Gallus came harder than he ever had in his life, then. His balls could only hold so much, but his orgasm wrenched every last drop from them. A thick layer of his seed coated the rancid pile of poo beneath him, a white crown atop the queen of all shits.

He nearly fainted from the mix of exertion and sensory overload, but he remained standing on wobbly legs.

Silverstream climbed down.

"Wow," she said, panting. "That's amazing."

She reached a claw forward and pressed the lever to flush.

The toilet filled with some water, but nothing happened.

"Wuh," Gallus said, not yet conscious enough to muster any real words.

"Ah, dang it. I hate it when this happens," Silverstream said. She paused. "Okay, I actually don't, because I get to see the school plumber again!"

"Pluh?" Gallus asked.

"Discord! Toilet's clogged!" Silverstream shouted, making Gallus jump.

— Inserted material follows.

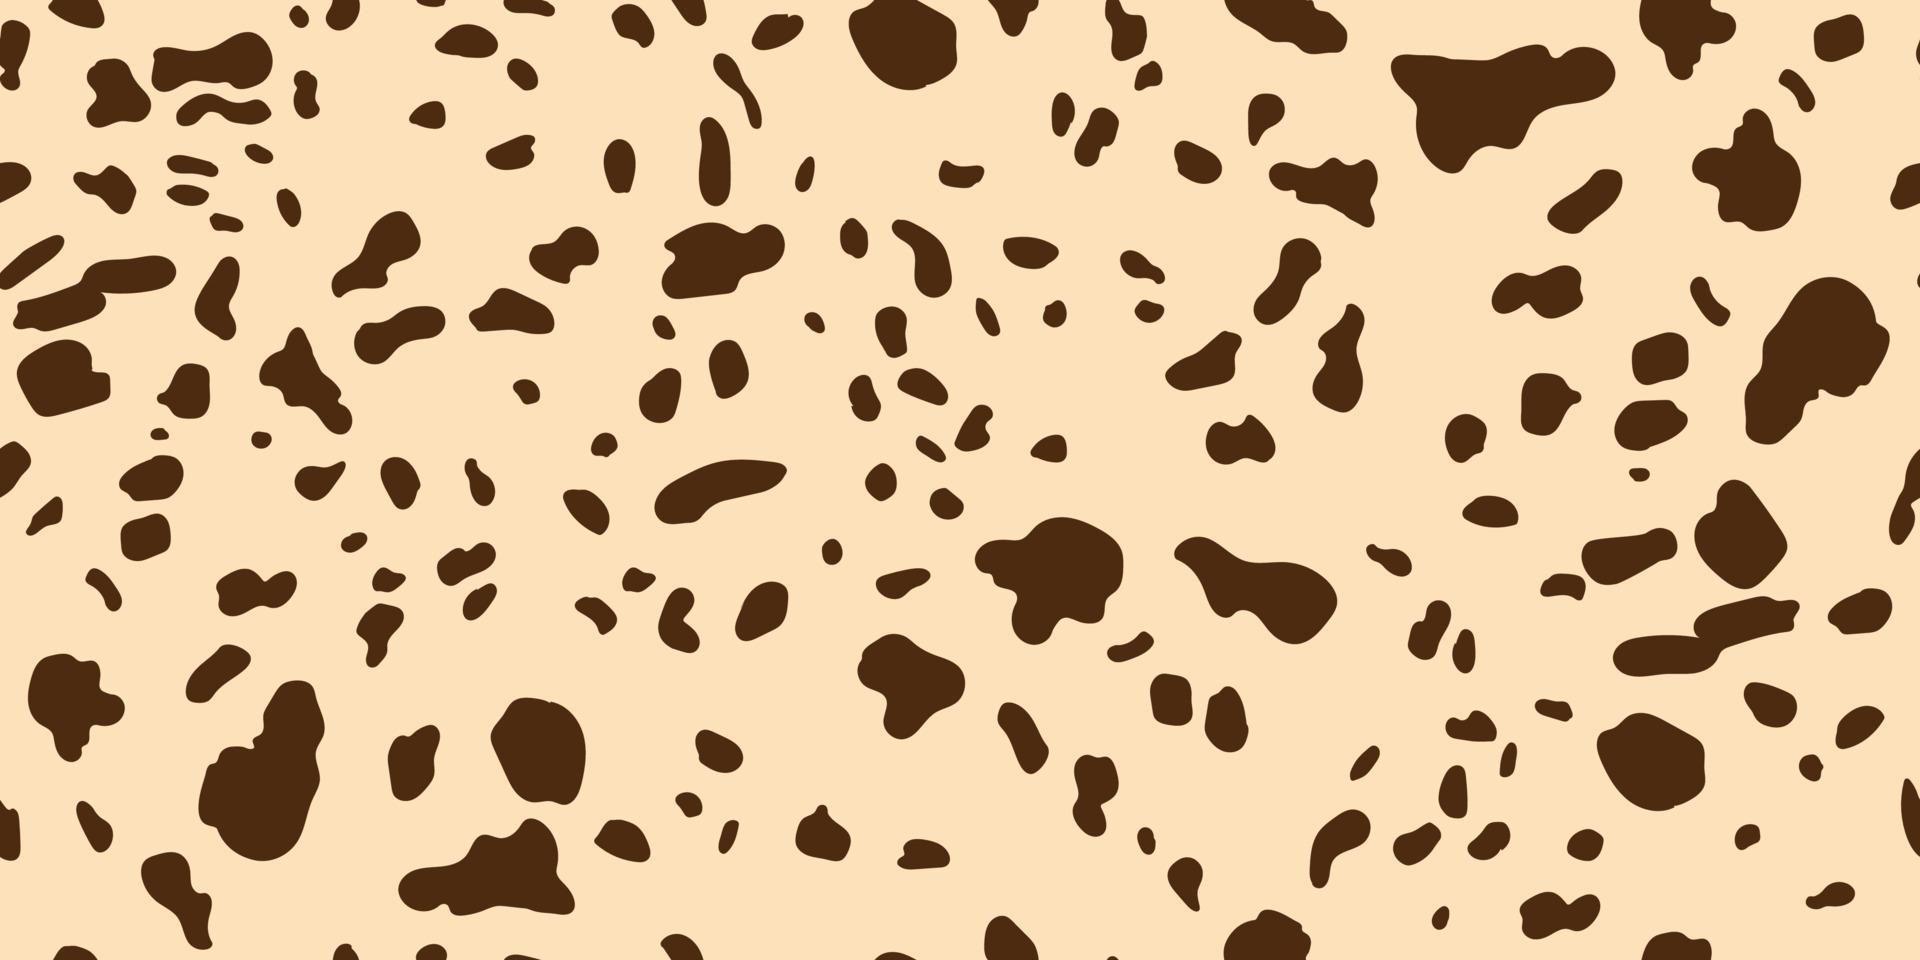 dalmatiska, giraff sömlösa horisontella mönster. prickig djurstruktur av hund, leopard, ko och gepard. afrikansk bakgrund. bruna slumpmässiga fläckar på en beige bakgrund. vektor. vektor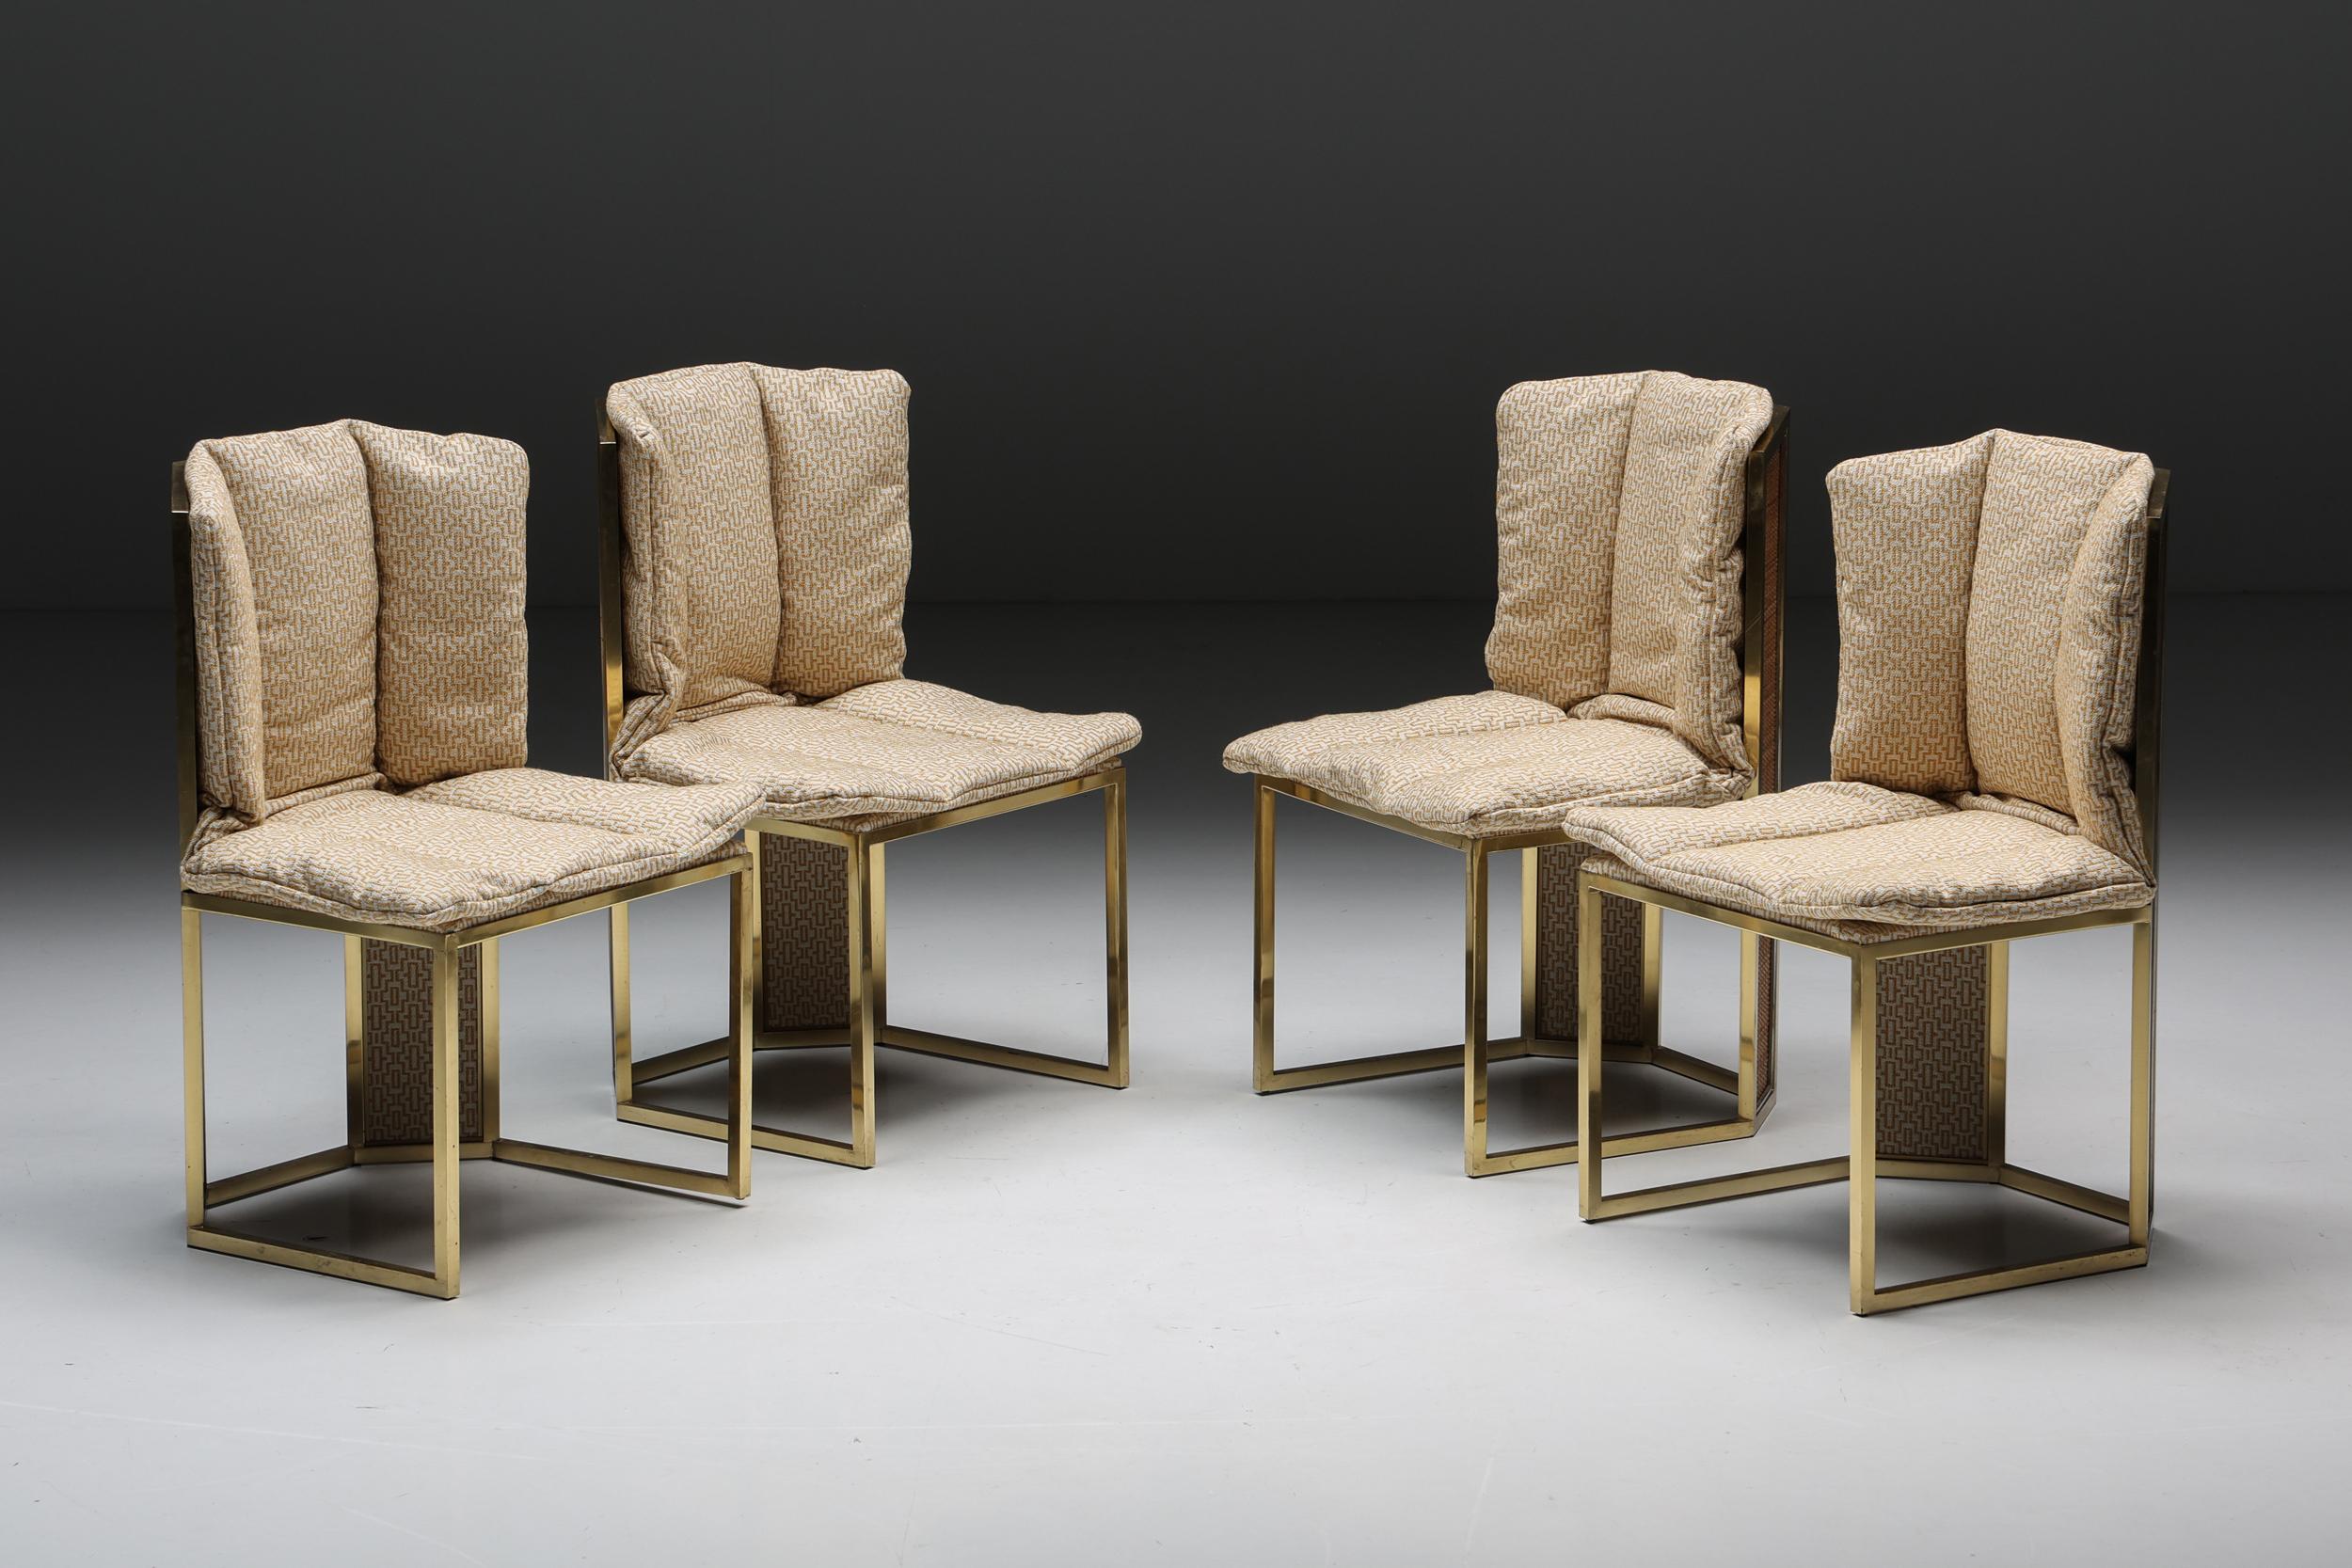 Chaises de salle à manger de Romeo Rega, véritable incarnation de l'artisanat italien des années 1970. Reflétant les matériaux de notre table à manger octogonale assortie, ces chaises présentent des accents vintage en laiton poli et chromé, mêlant

One magic flash later, Discord appeared, holding a plunger. "Ugh, not again!" he said. "I swear you do this on purpose, Silverstream. Every day."

She laughed. "Aww, come on, you love the chaos of it."

Discord threw his arms up. "Of course I do! Which is why I hate cleaning it up! I'd much rather leave it as it is!"

"But then you couldn't be the school's plumber!"

"You make a fair point," Discord said, sighing. He inserted the handle of the plunger into the toilet and turned the rubber plunger part like it was a valve. There was some kind of whirring noise, like a spinning blender, and the mountain of poo receded downward.

The toilet finished flushing normally.

"Thanks again, Discord!" Silverstream said with her usual giant smile.

"Yeah, yeah. See you tomorrow."

Then, he was gone.

Gallus's head was clear enough for normal thoughts by now, and he realized he still needed to see Starlight. After a second, however, he remembered why he was going to see her. He glanced at Silverstream's rump and took in a lungful of the still-reeking air.

Nah, he thought, I think I have a pretty good outlet for that now.


Above the toilet, now functional and clean thanks to Discord's magic, there was a vent. Inside the vent, a light blue changeling lay sleeping, more full of love than she had ever been before.